*Assigned task*. Although the entries contain pictures, only their words should be duplicated exactly.

*Material for the task*.
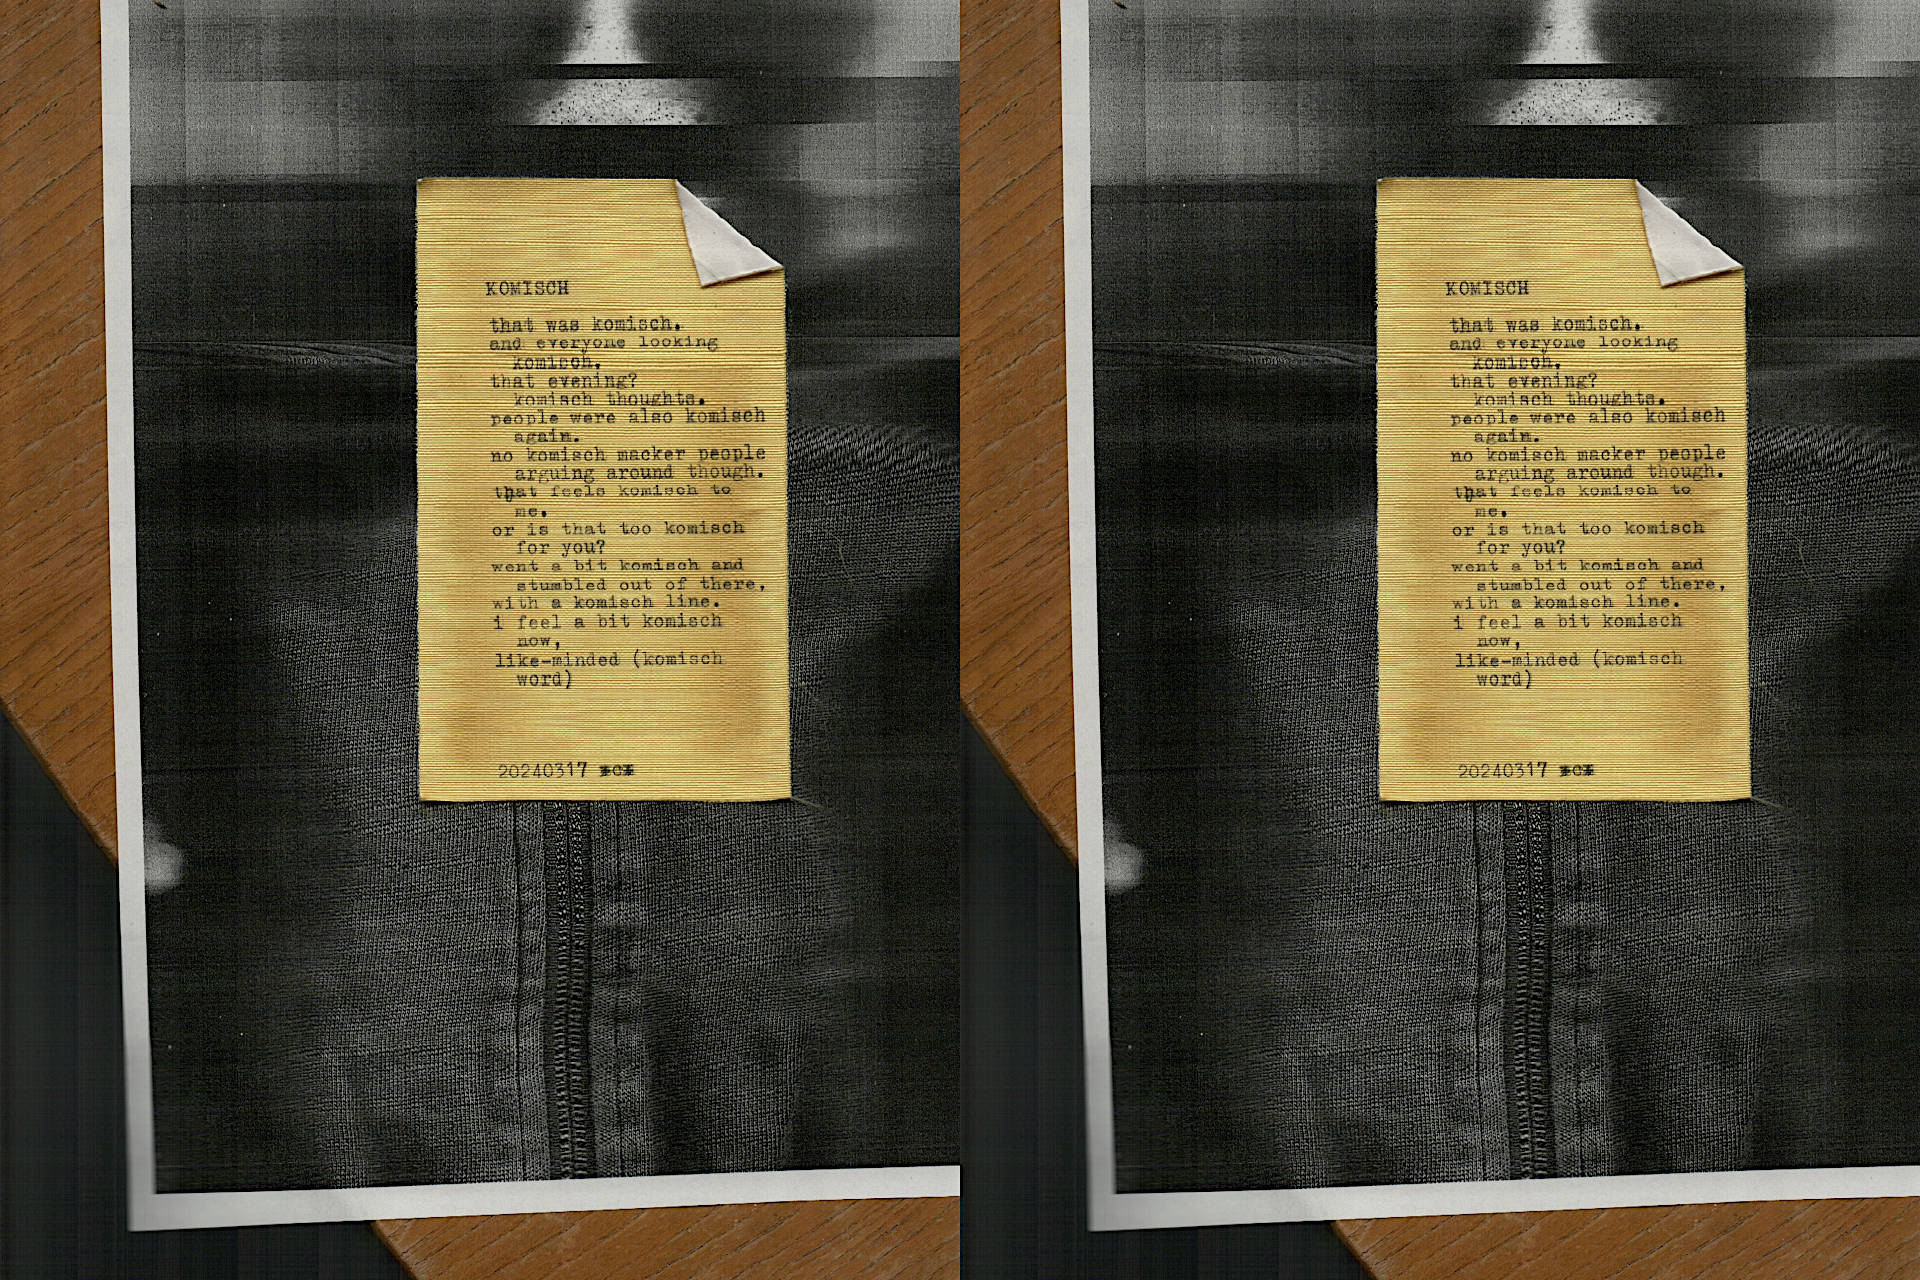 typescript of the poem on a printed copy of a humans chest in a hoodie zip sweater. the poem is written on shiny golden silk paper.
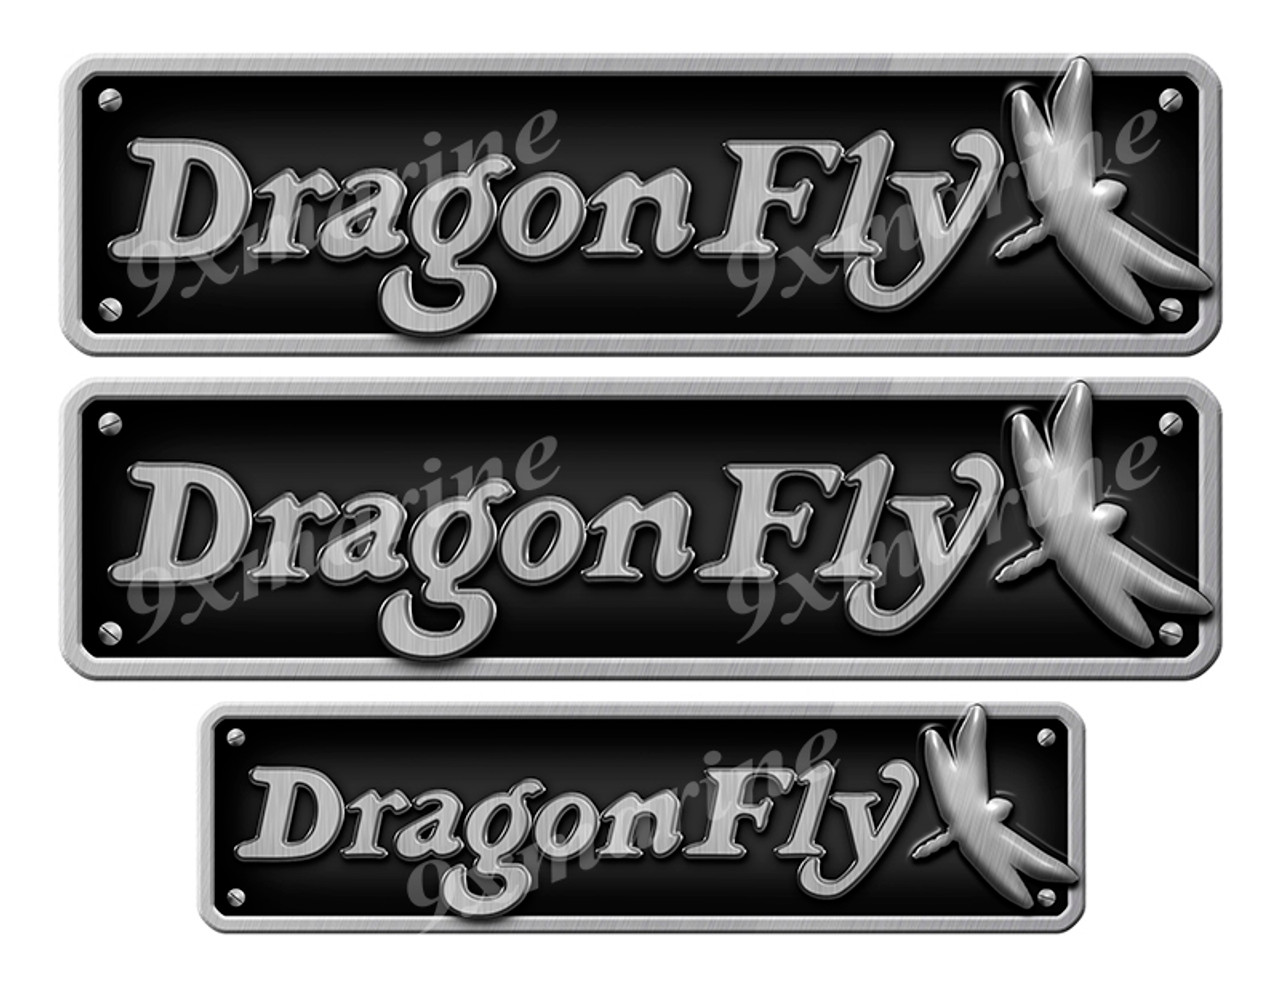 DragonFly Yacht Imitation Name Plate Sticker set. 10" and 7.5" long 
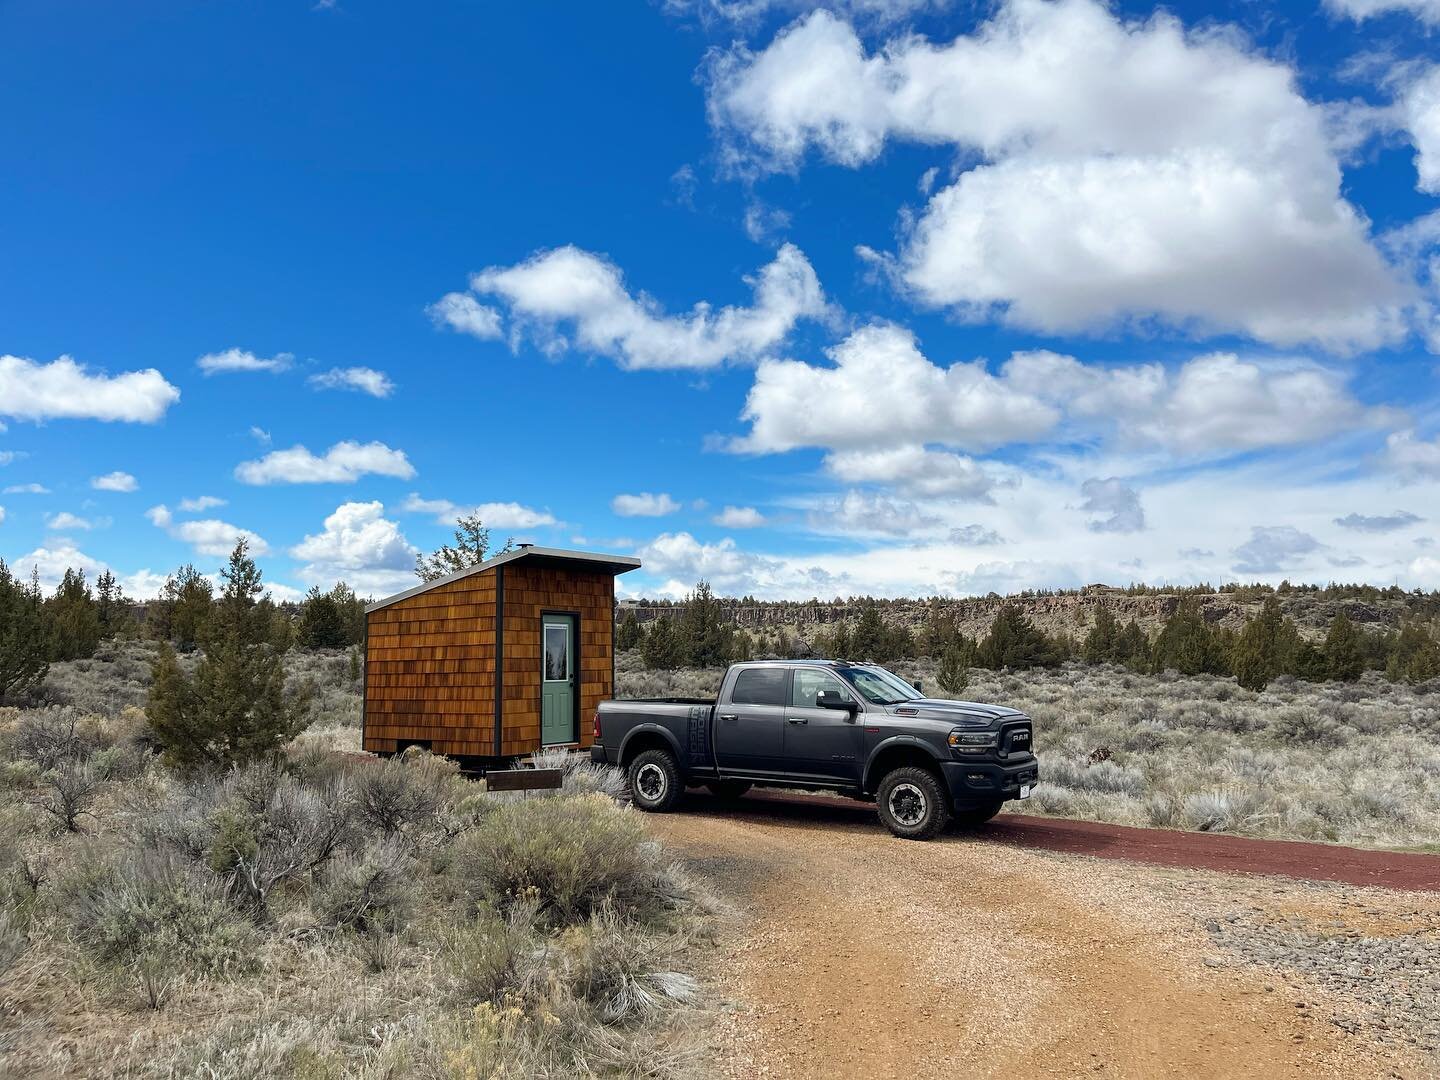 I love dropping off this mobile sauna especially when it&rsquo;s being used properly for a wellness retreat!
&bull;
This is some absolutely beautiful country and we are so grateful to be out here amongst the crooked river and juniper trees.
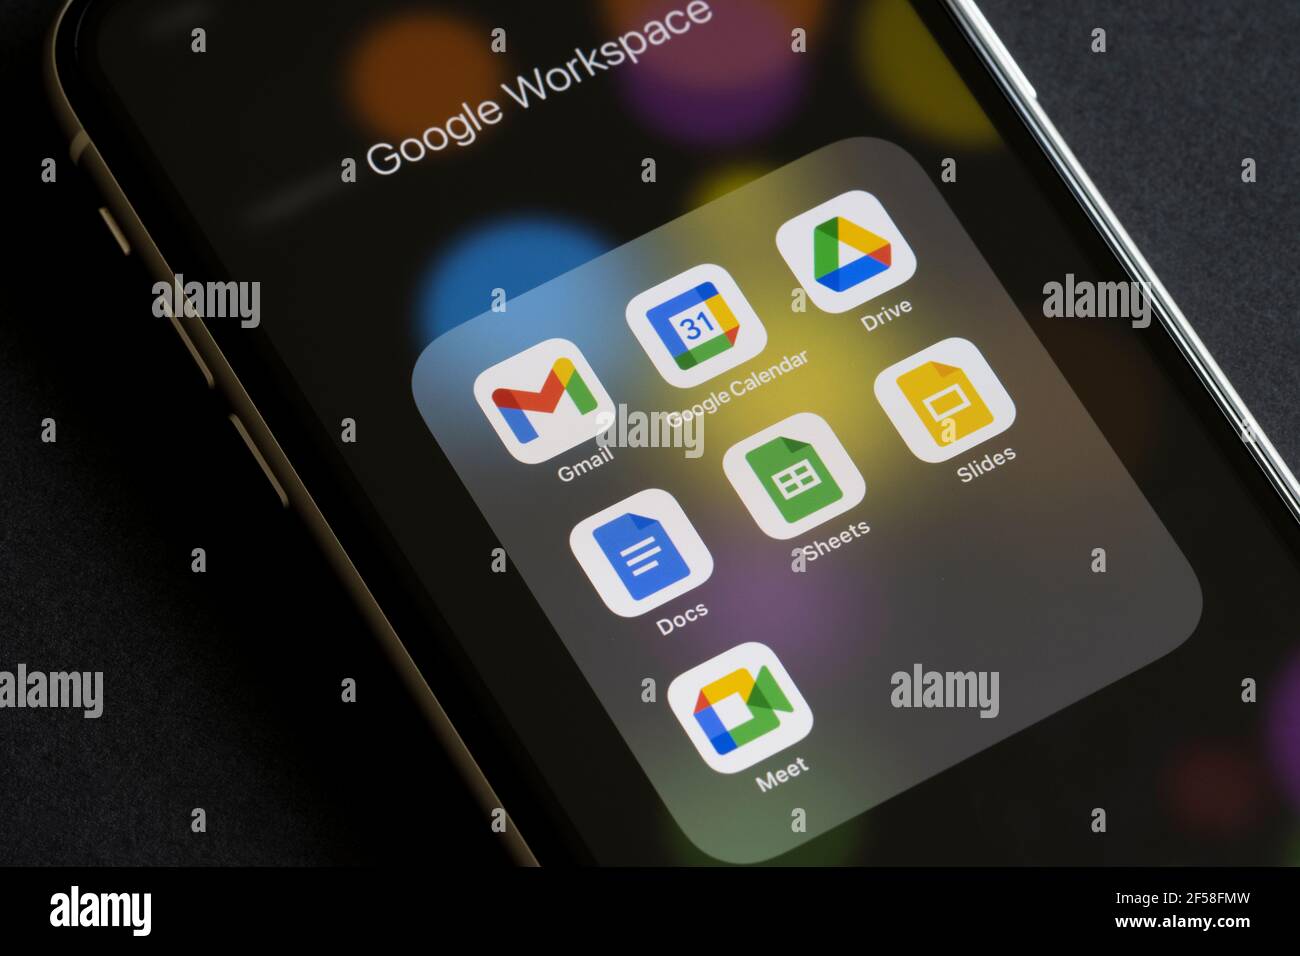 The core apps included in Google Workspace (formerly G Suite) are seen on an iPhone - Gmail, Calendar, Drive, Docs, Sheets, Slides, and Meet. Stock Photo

*Response*.
 typescript of the poem on a printed copy of a humans chest in a hoodie zip sweater. the poem is written on shiny golden silk paper.
 DragonFly Yacht Imitation Name Plate Sticker set. 10" and 7.5" long 
 I love dropping off this mobile sauna especially when it&rsquo;s being used properly for a wellness retreat!
&bull;
This is some absolutely beautiful country and we are so grateful to be out here amongst the crooked river and juniper trees.
 The core apps included in Google Workspace (formerly G Suite) are seen on an iPhone - Gmail, Calendar, Drive, Docs, Sheets, Slides, and Meet. Stock Photo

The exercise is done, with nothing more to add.